2009-11-27 07:53
After a string of emerging countries - including India, Indonesia, Thailand and Brazil - began to target the flow of short-term speculative capital, many experts believe China will step up its efforts to control the flow of so-called hot money.
The deputy governor of China's central bank, Yi Gang, said on Wednesday Chinese authorities will increase surveillance on flows of speculative money. And on the same day, the State Administration of Foreign Exchange tightened rules on individuals transferring yuan and foreign exchange between bank accounts.
Many analysts interpreted the rules as a way to control cross-border transfers, an important channel for hot money flowing into China.
Under the rules, individuals and companies from overseas can no longer send foreign currency to five or more Chinese individuals for conversion into yuan on a single day or on consecutive days.
In addition to more scrutiny of cross-border fund flows, China's policymakers are "likely to increase support for outbound investments", said Jing Ulrich, chairman of China Equities and Commodities at JPMorgan.
However, Liu Yuhui, director of the Center for Chinese Economic Evaluation at the Chinese Academy of Social Sciences, warned that the rule may have limited impact on the influx of hot money, because there are other ways speculative capital can enter China - including through current accounts.
Although there is no official data on how much hot money flows into China, Liu and other economists believe it is substantial.
"Since the second quarter of this year, there has been a mysterious infusion of about $30 billion poured into the nation's already huge foreign exchange reserves each month," said Liu.
Wang Yuanhong, senior economist with the State Information Center, said China is attractive to speculators because equity and property prices are at a relative low level and because there are fewer risks of policy tightening this year than next year.
Hot money has already helped fuel bubbles in the equity and property markets and added inflationary pressures.
Shanghai's dollar-denominated B-share index plunged 7.3 percent on Tuesday, after surging 26 percent earlier this month.

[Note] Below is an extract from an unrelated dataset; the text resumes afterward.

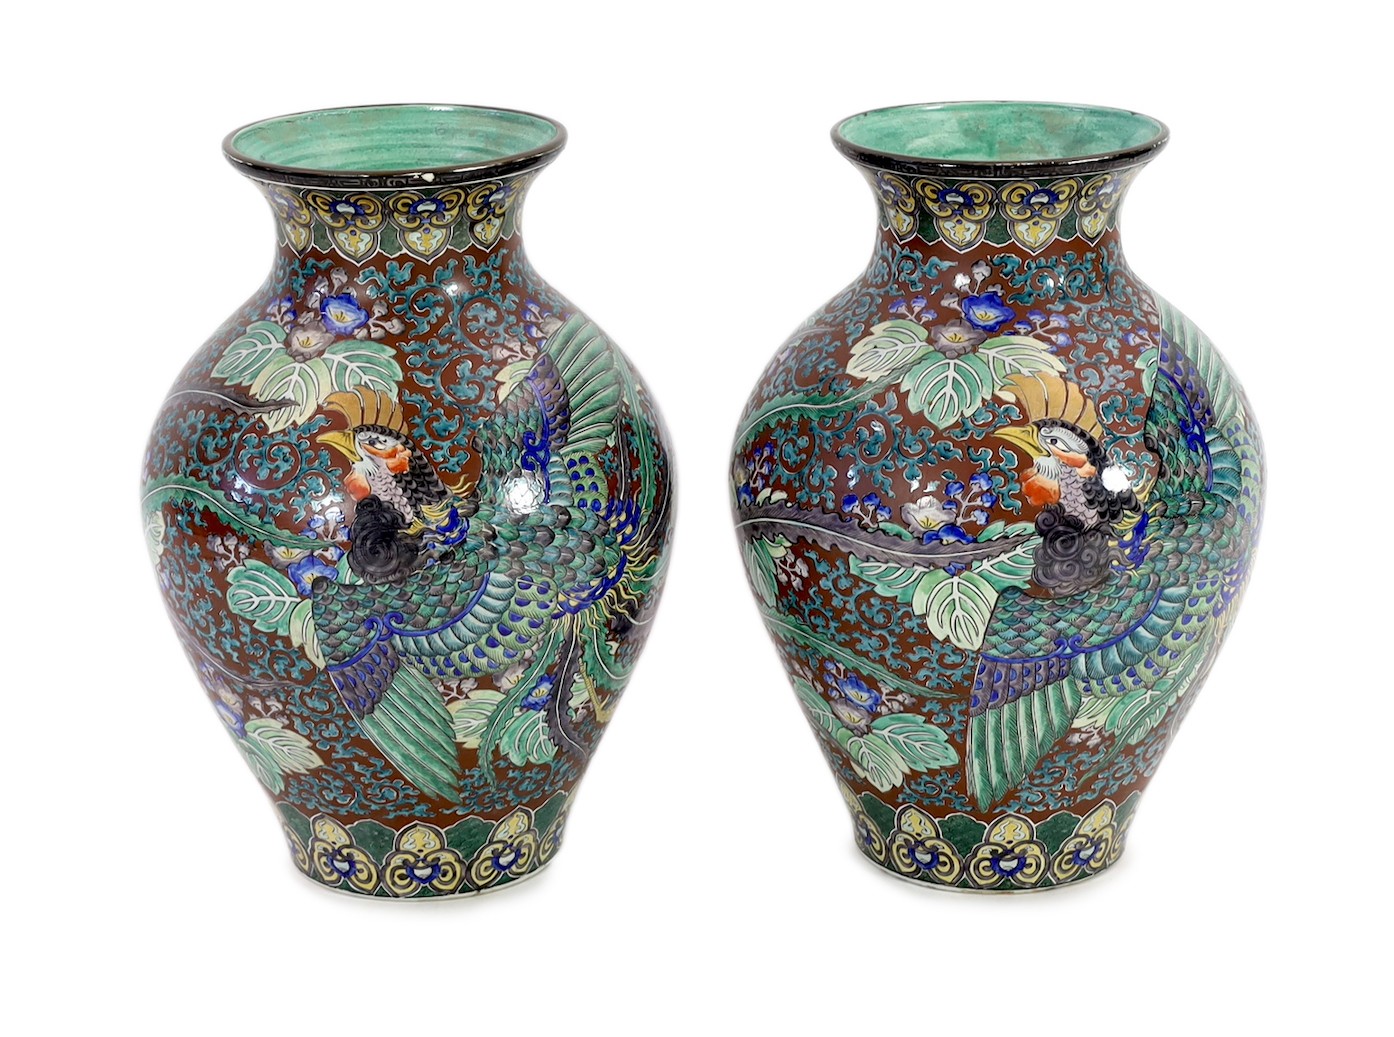 A pair of massive Japanese Kutani porcelain vases, Meiji period, influenced by de Morgan designs, 61.5cm high, one repaired                                                                                                 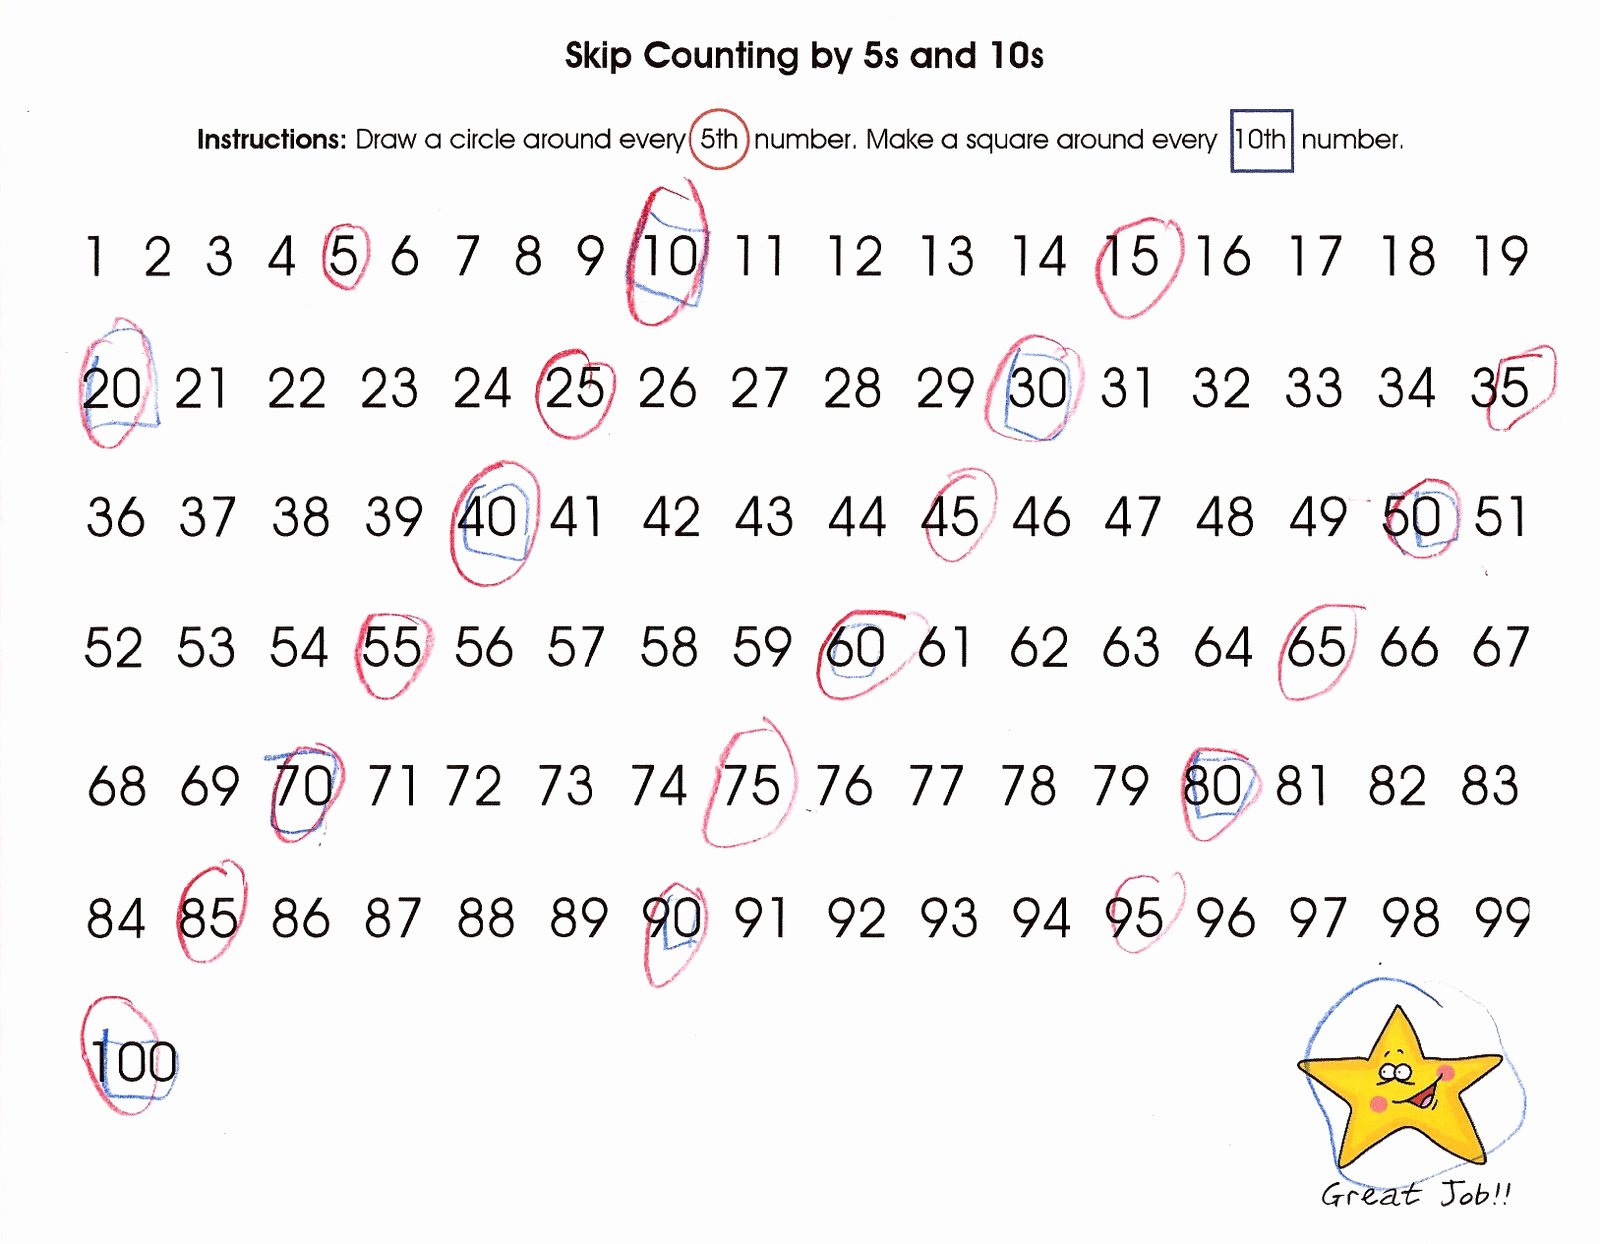 Count by 5s Worksheet Fresh Relentlessly Fun Deceptively Educational Skip Counting

Analysts blamed the rise on hopes that China would allow the yuan to appreciate. They suspect Tuesday's fall was down to a cooling off of such talk.
Li Wenjie, general manager of property agency Centaline China (North China region), told China Daily there had been a strong speculative sentiment in China's property market since mid-2009 and confirmed that many foreign investors were buying apartments in China, betting on surging property prices.
Chinese authorities will soon find themselves in a trap. Once the country starts to see inflation in 2010, the obvious response will be to appreciate the currency or raise interest rates, both of which will attract more hot money and fuel inflation.
The dilemma is deepened by recent indications that the US Federal Reserve may hold its rates steady until 2011.